- [Exercise prompt]: After locating the line with "Part of the" in the entries below, output it and each following line up to and including the line with "Since first designing", exactly and without pictures.

- [Provided entries]:

○ ○ ○

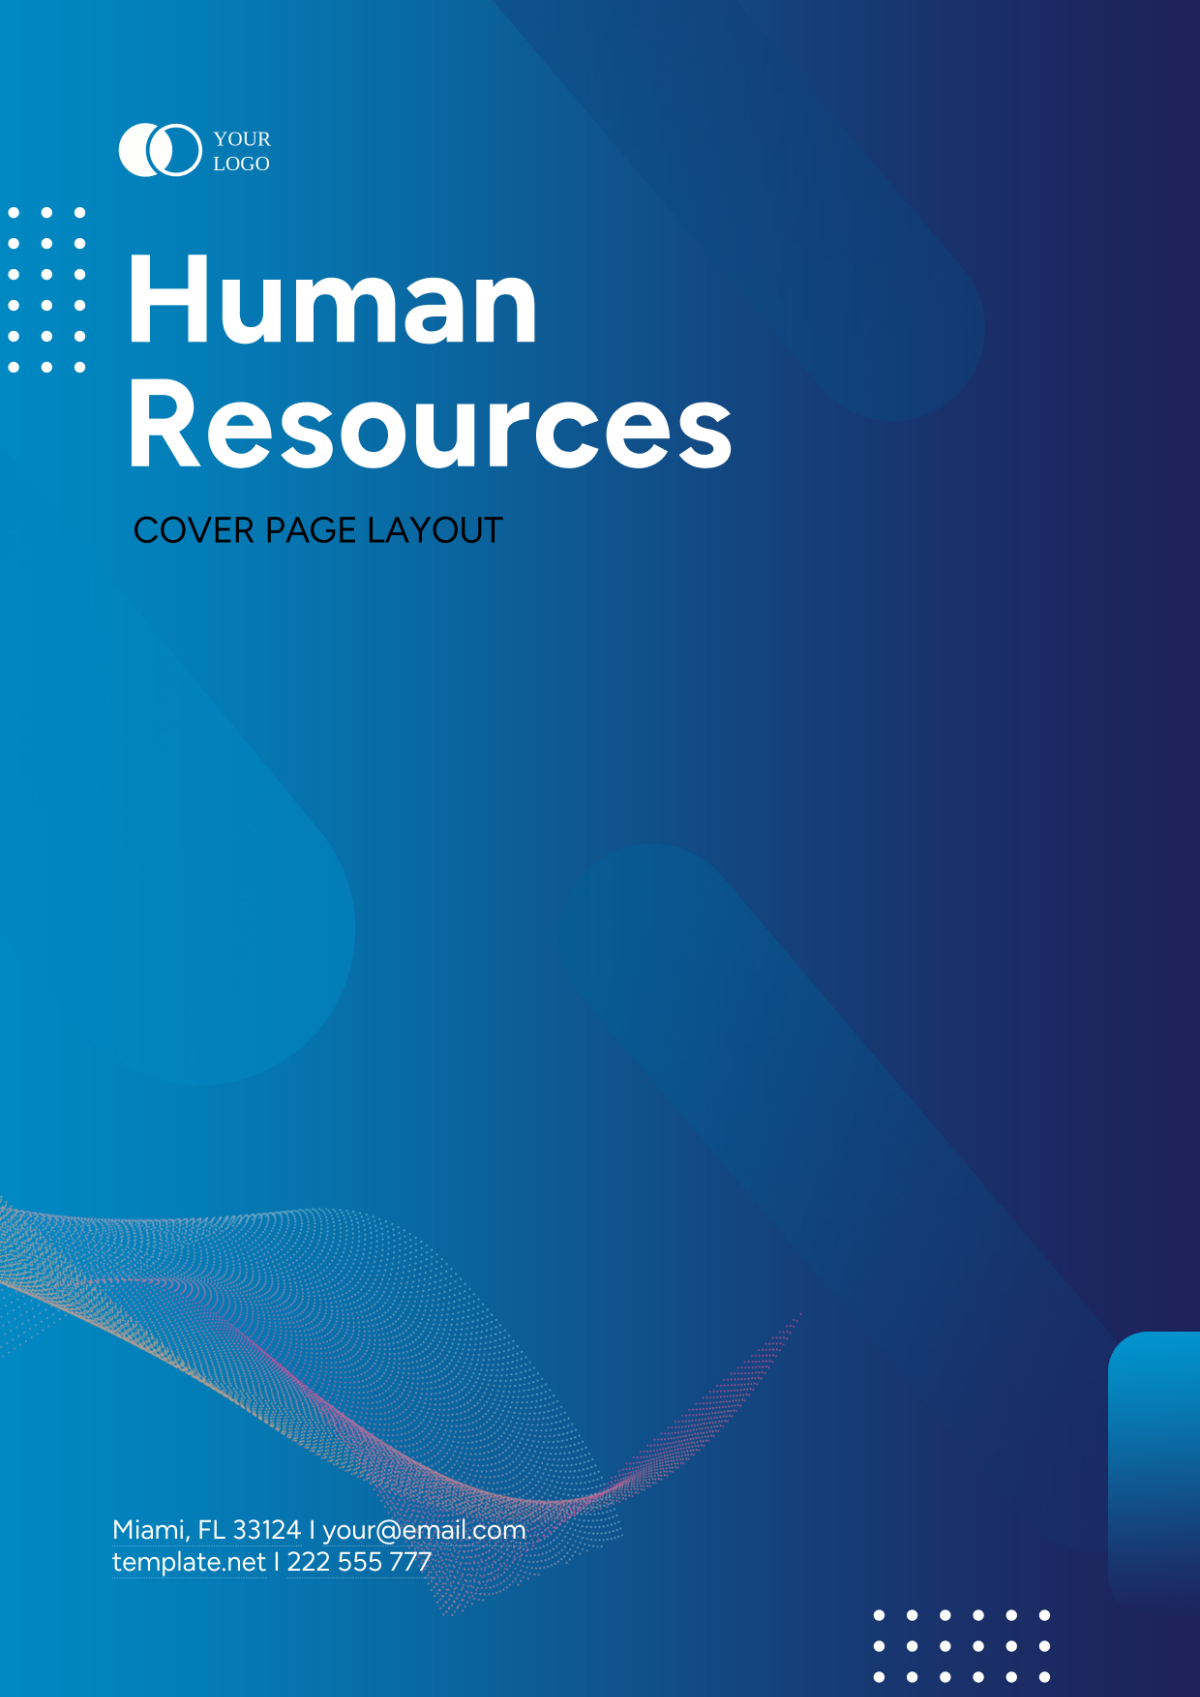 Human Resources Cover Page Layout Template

○ ○ ○

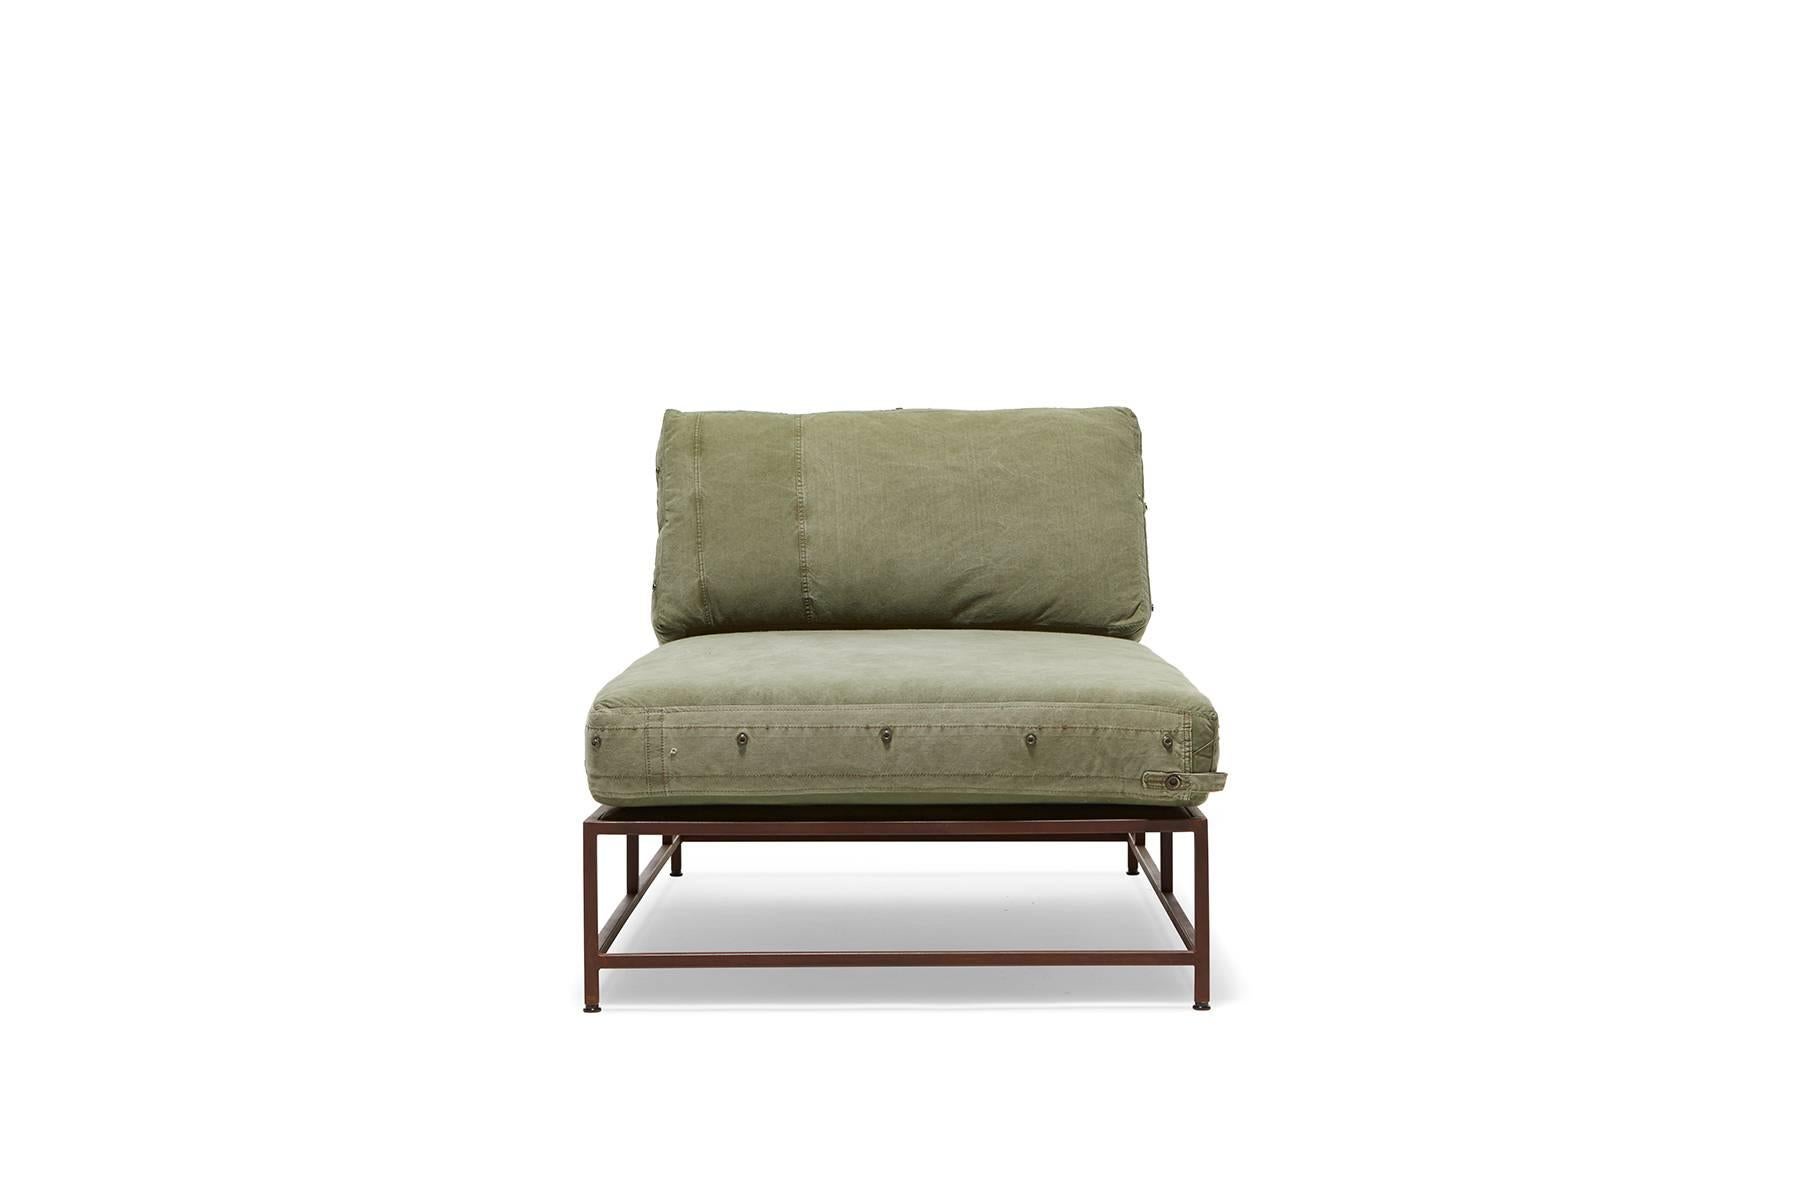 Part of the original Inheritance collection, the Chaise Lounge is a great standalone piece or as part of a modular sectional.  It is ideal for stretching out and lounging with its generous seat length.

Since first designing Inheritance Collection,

○ ○ ○

- [Answer space]:
 Part of the original Inheritance collection, the Chaise Lounge is a great standalone piece or as part of a modular sectional.  It is ideal for stretching out and lounging with its generous seat length.

Since first designing Inheritance Collection,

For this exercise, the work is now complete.